The above-mentioned touch panel and detection method for detecting the true coordinates of the multi-touch point can overcome the problem that the conventional touch panel is easy to output false coordinates when detecting multi-touch, and accurately calculate the true coordinates.

The technical features and advantages of the present invention are described in more detail below in conjunction with the drawings and exemplary embodiments. It is to be understood that the elements, structures and features of one embodiment may be beneficially incorporated in other embodiments without further recitation.

4a is a schematic cross-sectional view of a touch panel for detecting a true coordinate of a multi-touch point according to a first embodiment of the present invention. The first embodiment is a projected capacitive touch panel. The touch panel 100 includes an inductive circuit layer 110 and a judging circuit layer 130 disposed on one side of the inductive circuit layer. The sensing circuit layer 110 includes a plurality of first electrode lines 111 distributed in a first direction (the X-axis direction in FIG. 4b), a plurality of second electrode lines 112 distributed in a second direction (the Y-axis direction in FIG. 4b), and insulation. Layer 113. The plurality of first electrode lines 111 and the plurality of second electrode lines 112 are distributed on different layers and are disposed on opposite sides of the insulating layer 113. FIG. 4b is a schematic plan view of the sensing circuit layer 110. It is judged that the wiring layer 130 includes a plurality of third electrode lines 131 distributed in the third direction (the Z-axis direction in Fig. 4c). As shown in FIG. 4c, the Z direction does not coincide with the X direction and the Y direction, and the Z direction forms an angle with each of the X direction and the Y direction. The two angles can be equal or unequal. In order to insulate the sensing circuit layer 110 and the determining circuit layer 130 from each other, an insulating substrate 120 is further disposed therebetween.

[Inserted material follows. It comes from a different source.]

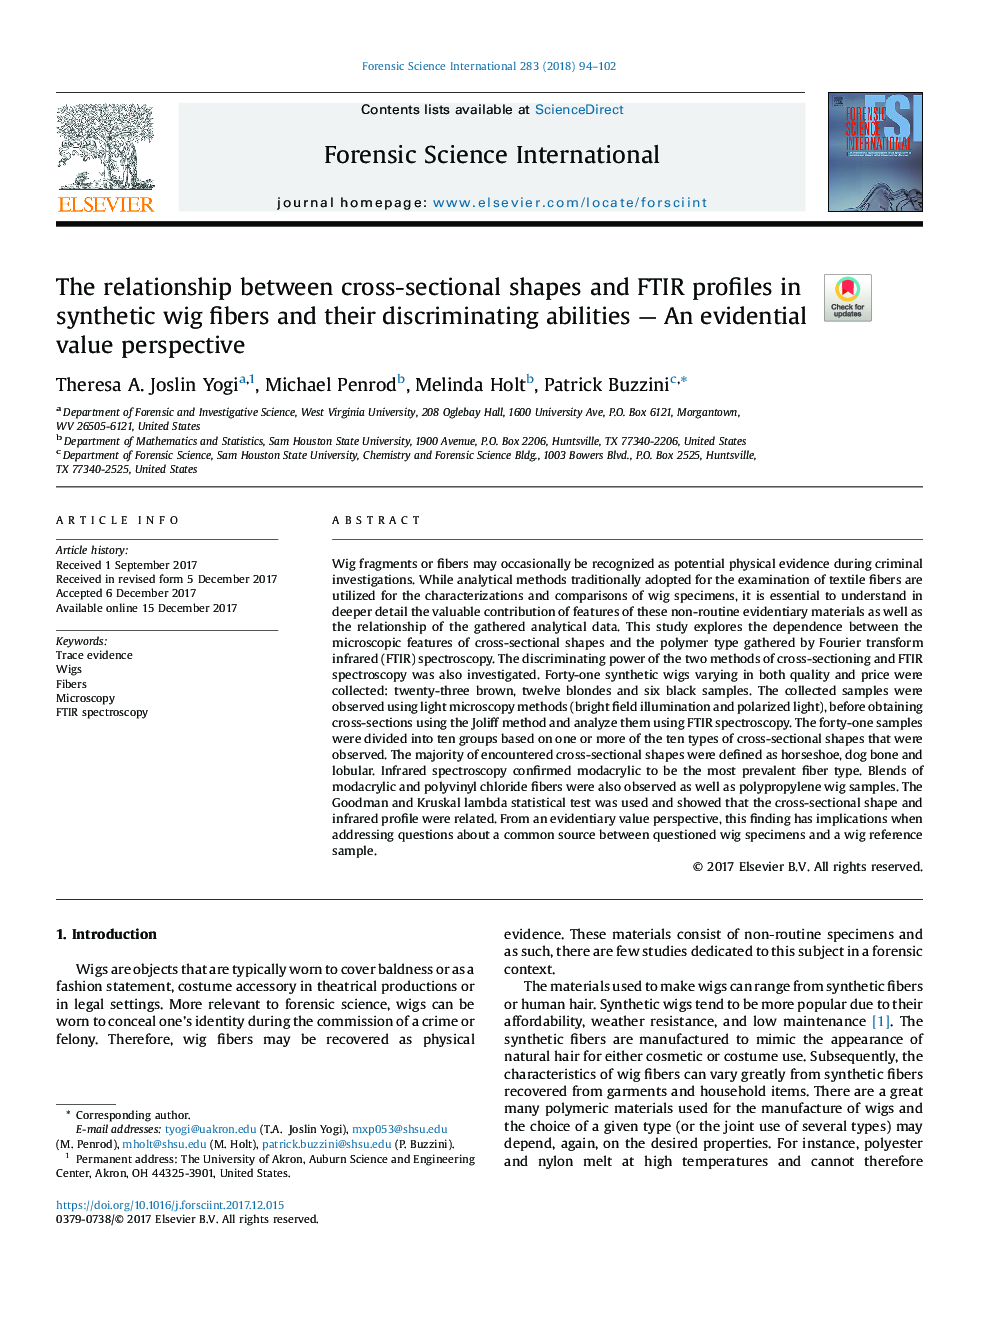 The relationship between cross-sectional shapes and FTIR profiles in synthetic wig fibers and their discriminating abilities - An evidential value perspective

The first electrode line 111, the second electrode line 112, and the third electrode line 131 are respectively connected to the processor 150 by a plurality of wires 140 to form a detecting device 10 for detecting the true coordinates of the multi-touch point, as shown in FIG.

FIG. 6a is a schematic cross-sectional view of a touch panel 200 for detecting a true coordinate of a multi-touch point according to a second embodiment of the present invention. The touch panel 200 of the second embodiment is similar to the first embodiment, and is also a projected capacitive touch panel. The touch panel 200 includes an inductive circuit layer 210 (see FIG. 6b), a judging circuit layer 230 disposed on one side of the inductive circuit layer 210, and a gap between the sensing circuit layer 210 and the judging circuit layer 230 to insulate the two. The insulating substrate 220. The difference is that in the sensing circuit layer 210, the plurality of first electrode lines 211 distributed in the first direction X and the plurality of second electrode lines 212 distributed in the second direction Y are disposed in the same layer, at the intersection of the two electrode lines A plurality of insulating sheets 213 are disposed between the first electrode line 211 and the second electrode line 212. Referring to FIG. 6b, a schematic plan view of the sensing circuit layer 210 is shown.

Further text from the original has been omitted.